Per il nostro angolo di cucina tradizionale divulgo questa ricetta: deliziosa, nutriente, ed assolutamente ecosostenibile e financo ecopromotrice direi, che ho assaggiato di recente in una trattoria di Montefiascone. E’ una ricetta della tradizione comune a molti paesi delle regioni boscate di montagna e media collina, simile ovunque ma con molte variazioni locali sul tema.
In questi paesi la castanicoltura da frutto ha rappresentato l’elemento chiave dell’economia di sussistenza. Ora può divenire l’elemento trainante di un ecoturismo di qualità, soprattutto quando integrata al turismo eno-gastronomico. Le castagne e le loro farine, infatti, per quanto deliziose potessero essere, hanno rappresentato l’alimento base di quotidiano consumo in autunno ed in inverno. Non stupisce che potessero venire a noia. Non stupisce neanche che il bisogno aguzzi l’ingegno e che la fantasia sia venuta in soccorso a queste popolazioni che hanno utilizzato le castagne per le preparazioni più varie. Dai dolci, ai primi, ai secondi. Questa zuppa è una di queste fantasiose e goduriose espressioni della cultura culinaria popolare. Vi servono:
- una quindicina di castagne per ogni commensale
- un bicchiere scarso di ceci secchi o 100 grammi di ceci in scatola
- odori misti
- alloro
- olio extravergine d’oliva
- sale, pepe bianco e pepe nero
Si incidono le castagne fresche (vanno bene anche i marroni), si mettono a cuocere in forno con qualche foglia d’alloro bagnata. In alternativa per una versione sbrigativa si possono acquistare le castagne secche da reidratare in ammollo ma, come mi ha fatto notare l’oste, non è la stessa cosa. Cotte sulla brace (tanto meglio) o comunque nel forno, protette nei loro gusci lucidi, mantengono tutti gli aromi e le fragranze dell’endosperma del seme. Una volta cotte si “pelano”, come si fa normalmente per le caldarroste (dette bruciate in Toscana). Questa è, insieme all’incisione, l’operazione più noiosa, d’ora in poi è tutto facile.
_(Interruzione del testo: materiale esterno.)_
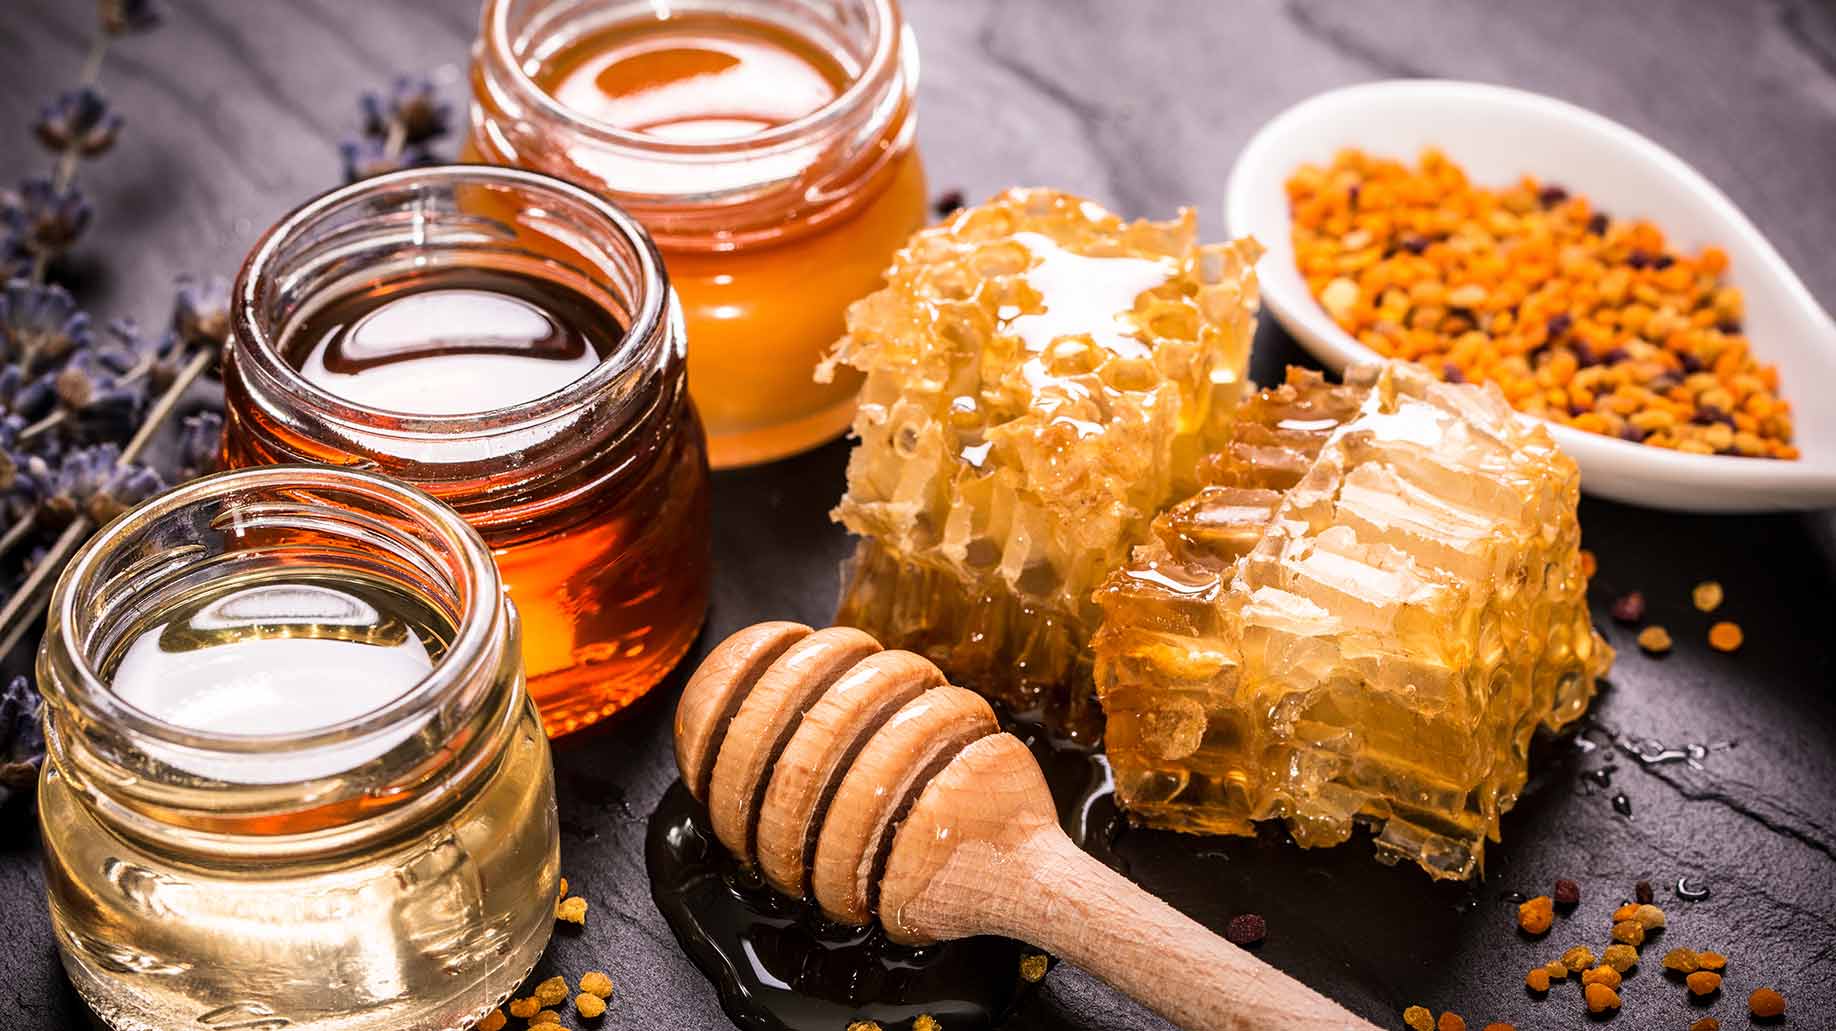 فوائد العسل في المرض والوقاية من الفيروسات وعلاج أمراض الجهاز الهضمي

Si uniscono le castagne ai ceci possibilmente bio e locali (come sempre) che avremmo fatto ammollare dalla notte prima e messo a bollire in una pentola (preferibilmente di coccio) per il tempo necessario a renderli tenerissimi.
Per quanto riguarda i ceci, cercate di azzeccare subito la dose di acqua per far li cuocere, uniti al sale e ad un gambo di sedano, una carota ed una cipolla tagliati a pezzettini. L’acqua non deve essere troppa, altrimenti la zuppa che ne risulterà sarà troppo acquosa, appunto. Se i ceci navigano in un mare di acqua buttatene via un po’; operazione con la quale, però andrà via anche un po’ di sapore già diluito dal troppo solvente. Anche in tal caso potete utilizzare i ceci in scatola scolati e messi a sobbollire (mi raccomando evitate i ceci messicani, grossi, duri, insapore e per nulla a chilometro zero) ma l’acqua non recherà gli aromi dei ceci come nel caso dei legumi secchi, imbibiti e cotti in essa.
Unite la castagne ai ceci e fate cuocere insieme per 10 minuti in modo da sposare i sapori. Ora potete, secondo gradimento, frullare tutto, per nulla o in parte la zuppa-crema a seconda dei vostri gusti. Le nonne direbbero di passare i ceci, di modo da trattenere la pellicina. Ed in effetti avrebbero ragione, se ne avete tempo e voglia usate sempre il passaverdure e l’olio di gomito, i sapori e la consistenza sono più buoni e certamente è più ecologico dell’elettricità. Potete servire così con crostini di pane croccante, pepe bianco ed un filo d’olio a crudo.
Gli irriducibili del soffritto potranno, a parte, aver fatto rosolare cipolle ed odori in un tegame al quale uniranno poi la zuppa per qualche minuto ma se le castagne ed i ceci sono davvero “speciali” non ci sarà bisogno di alcun soffritto.
Il consumo di castagne e di marroni locali contribuisce a preservare i nostri storici castagneti da frutto, il sapere degli innestatori, dove hanno abitato tanta parte della cultura, delle leggende e delle tradizioni e che per tanta parte hanno disegnato i paesaggi boscati di Italia.